Warrior cops are not for our safety
Warrior cops are not for our safety

Militarisation of policing is a worldwide phenomenon, largely carried out under the guise of “counter-terrorism”.

The footage coming out of Ferguson, which the police have turned into a war zone, has catapulted the issue into the mainstream.

Is camouflage gear, designed for desert and jungle combat, really necessary or effective in shopping malls and convenience stores? Why is there an armoured tank in my neighbourhood? New questions for a new era of policing. This is not unique to the US. Australian police now have all manner of sadistic, and lethal, toys to deploy against the public. There is also an arsenal of anti-protest and counter-terrorism laws to crack down on civil liberties.

Electro-shock weapons – such as cattle prods used on protesters by dictatorial regimes and electrical devices used in torture – use to get a bad rap. But in the 1990s, Taser International successfully re-branded electro-shock as a “life saver”, to be used instead of deadly force. Since then tasers have become standard police issue.

At least five people have died in Australia after being shocked by these “less-than-lethal” weapons.

Aerosol sprays are also considered “less than lethal”, although Victoria Police decided last year to replace capsicum spray with more targeted and less flammable chemical weapons due to concern about secondary exposure and fire danger associated with using it alongside tasers.

The Queensland Police Service has flagged the deployment of military-style drones during the G20 summit in Brisbane later this year. It also recently purchased Remington R4s, a military assault rifle, to be used by general duty officers. Western Australian police last year procured a $400,000 “Ballistic Engineered Armoured Response Counter Attack Truck” (known as BearCat) for “counter-terrorism”.

Criminology professor Jude McCulloch argues that counter-terrorism units set up in the mid-1970s within Australian state police forces led to the blurring of the line between the military and the police.

One of the first of these units was the Special Operations Group (SOG) in Victoria.
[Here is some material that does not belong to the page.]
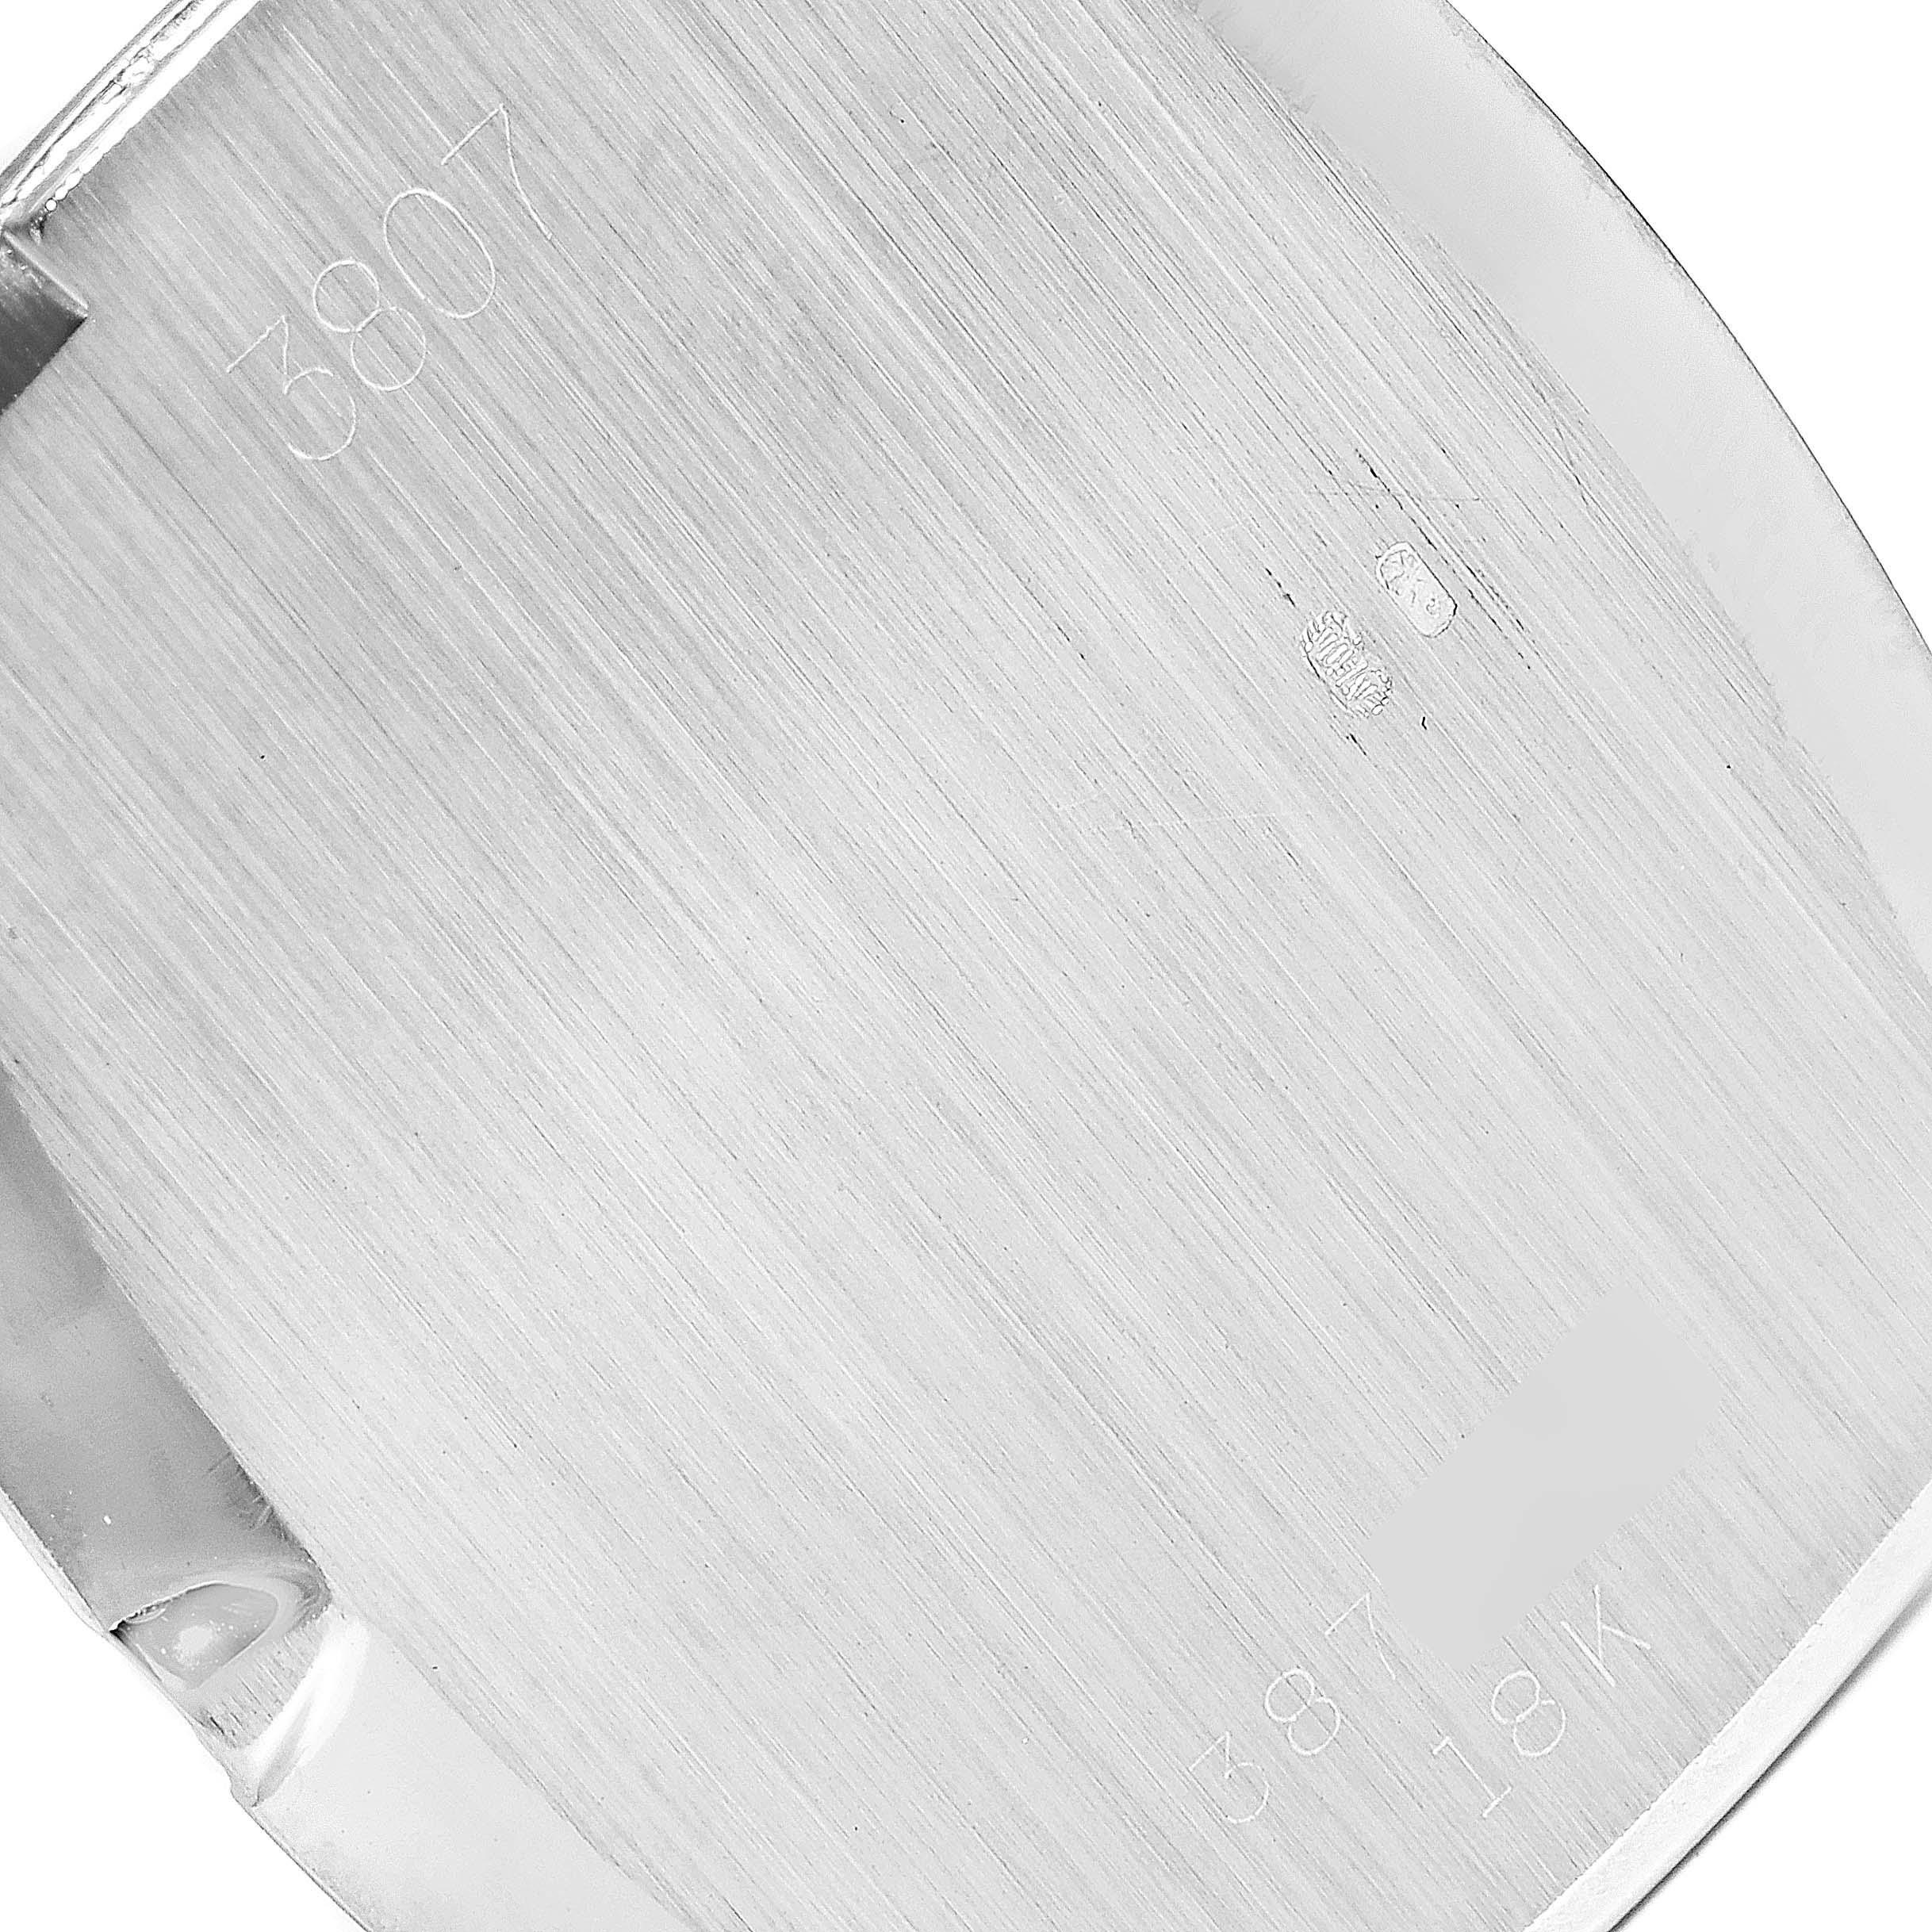 Rolex Cellini White Gold Blue Vignette Dial Vintage Ladies Watch 3807 SwissWatchExpo
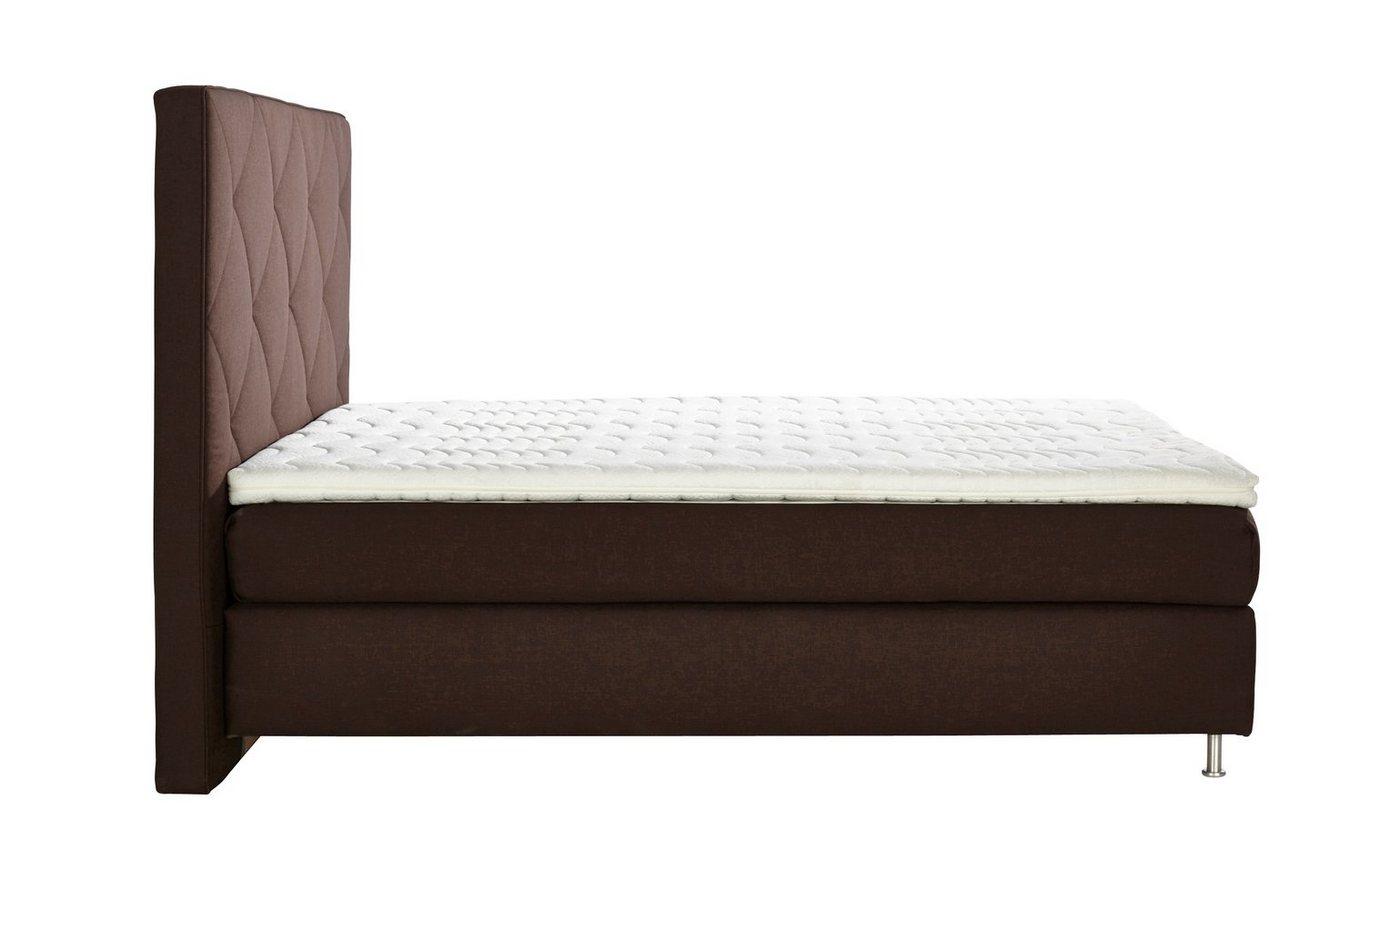 ADA premium Boxspringbett »Oriental«, mit hohem Kopfteil in Rautenoptik, 3 Größen

Established in 1977, it is a paramilitary group – similar to US SWAT teams – modelled on, trained by and including former members of the SAS. Like SAS soldiers, they are trained to kill.

“Politically motivated and criminal terrorist activity” is the raison d’être for such units, but in reality these and other police tactical groups operate almost exclusively within the purview of everyday policing.

And, rather hypocritically, their real function is to carry out politically motivated violence.

On 13 October 1987, during the battle to deregister the Builders Labourers’ Federation, SOG raided and seized the union’s office in Carlton. After gaining entry, the officers cut the phone lines, ordered staff not to move and repeatedly kicked and punched an organiser when he refused to obey the order.

During protests against the World Economic Forum, held at Melbourne’s Crown Casino in 2000, the “Force Response Unit” hospitalised 30 protesters after baton charging and subjecting them to pressure point neck holds.

During the eviction of Occupy Melbourne in October 2011, “snatch squads” of officers in full Darth Vader regalia – NATO-style helmets with visors, behind transparent shields, truncheons drawn – kettled (encircled and detained) protesters for hours, sending out “search” sorties into crowds of fleeing demonstrators to make retaliatory arrests, or simply inflict some damage.

These military-style tactics have become all too recognisable at demonstrations across Australia and the world.

The militarisation of the police has nothing to do with counter-terrorism and everything to do with policing political and industrial dissent.